(What you have to do):
Copy exactly the lines of the material below, starting with the first and including the line that holds "Huxlay Bros Hb".

(Information shown):

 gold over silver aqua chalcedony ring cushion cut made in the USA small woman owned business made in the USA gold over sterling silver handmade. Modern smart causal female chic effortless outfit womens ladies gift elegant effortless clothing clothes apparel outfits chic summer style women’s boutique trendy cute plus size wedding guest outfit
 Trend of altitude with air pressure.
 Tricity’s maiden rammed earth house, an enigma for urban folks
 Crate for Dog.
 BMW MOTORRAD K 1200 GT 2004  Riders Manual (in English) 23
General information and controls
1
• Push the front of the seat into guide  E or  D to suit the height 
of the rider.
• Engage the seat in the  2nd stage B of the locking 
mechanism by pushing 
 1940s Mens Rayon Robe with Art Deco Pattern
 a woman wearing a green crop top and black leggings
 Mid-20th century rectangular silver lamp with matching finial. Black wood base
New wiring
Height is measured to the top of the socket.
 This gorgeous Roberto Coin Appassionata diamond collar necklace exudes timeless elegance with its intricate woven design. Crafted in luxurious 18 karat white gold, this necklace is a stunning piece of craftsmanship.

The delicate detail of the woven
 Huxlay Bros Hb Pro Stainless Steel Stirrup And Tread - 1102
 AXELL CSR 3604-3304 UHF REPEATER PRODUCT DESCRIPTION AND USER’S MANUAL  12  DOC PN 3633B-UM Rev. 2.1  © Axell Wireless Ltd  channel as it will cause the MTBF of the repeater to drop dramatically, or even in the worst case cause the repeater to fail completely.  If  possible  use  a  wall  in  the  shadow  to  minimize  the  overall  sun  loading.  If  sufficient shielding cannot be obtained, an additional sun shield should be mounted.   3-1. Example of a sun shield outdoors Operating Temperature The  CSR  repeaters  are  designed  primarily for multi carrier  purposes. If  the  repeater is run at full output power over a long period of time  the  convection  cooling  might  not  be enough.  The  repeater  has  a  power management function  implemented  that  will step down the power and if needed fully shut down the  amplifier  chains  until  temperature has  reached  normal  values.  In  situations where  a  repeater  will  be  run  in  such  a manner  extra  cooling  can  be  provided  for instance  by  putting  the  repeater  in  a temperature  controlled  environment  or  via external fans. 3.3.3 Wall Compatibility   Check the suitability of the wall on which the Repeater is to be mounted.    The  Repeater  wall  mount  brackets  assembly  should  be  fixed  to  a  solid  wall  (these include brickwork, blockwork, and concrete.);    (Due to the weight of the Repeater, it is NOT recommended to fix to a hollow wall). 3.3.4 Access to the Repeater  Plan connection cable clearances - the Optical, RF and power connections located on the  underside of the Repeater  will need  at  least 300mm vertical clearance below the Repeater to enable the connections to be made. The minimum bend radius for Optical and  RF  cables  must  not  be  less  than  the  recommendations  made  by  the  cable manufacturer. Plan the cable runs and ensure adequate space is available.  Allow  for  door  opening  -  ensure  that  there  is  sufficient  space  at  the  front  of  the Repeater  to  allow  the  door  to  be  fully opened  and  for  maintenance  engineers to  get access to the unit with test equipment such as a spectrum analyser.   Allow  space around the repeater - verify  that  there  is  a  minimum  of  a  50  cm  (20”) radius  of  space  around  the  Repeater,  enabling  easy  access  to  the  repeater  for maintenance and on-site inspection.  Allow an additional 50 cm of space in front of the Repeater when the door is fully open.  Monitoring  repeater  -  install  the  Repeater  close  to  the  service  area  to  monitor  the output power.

(Result):
 gold over silver aqua chalcedony ring cushion cut made in the USA small woman owned business made in the USA gold over sterling silver handmade. Modern smart causal female chic effortless outfit womens ladies gift elegant effortless clothing clothes apparel outfits chic summer style women’s boutique trendy cute plus size wedding guest outfit
 Trend of altitude with air pressure.
 Tricity’s maiden rammed earth house, an enigma for urban folks
 Crate for Dog.
 BMW MOTORRAD K 1200 GT 2004  Riders Manual (in English) 23
General information and controls
1
• Push the front of the seat into guide  E or  D to suit the height 
of the rider.
• Engage the seat in the  2nd stage B of the locking 
mechanism by pushing 
 1940s Mens Rayon Robe with Art Deco Pattern
 a woman wearing a green crop top and black leggings
 Mid-20th century rectangular silver lamp with matching finial. Black wood base
New wiring
Height is measured to the top of the socket.
 This gorgeous Roberto Coin Appassionata diamond collar necklace exudes timeless elegance with its intricate woven design. Crafted in luxurious 18 karat white gold, this necklace is a stunning piece of craftsmanship.

The delicate detail of the woven
 Huxlay Bros Hb Pro Stainless Steel Stirrup And Tread - 1102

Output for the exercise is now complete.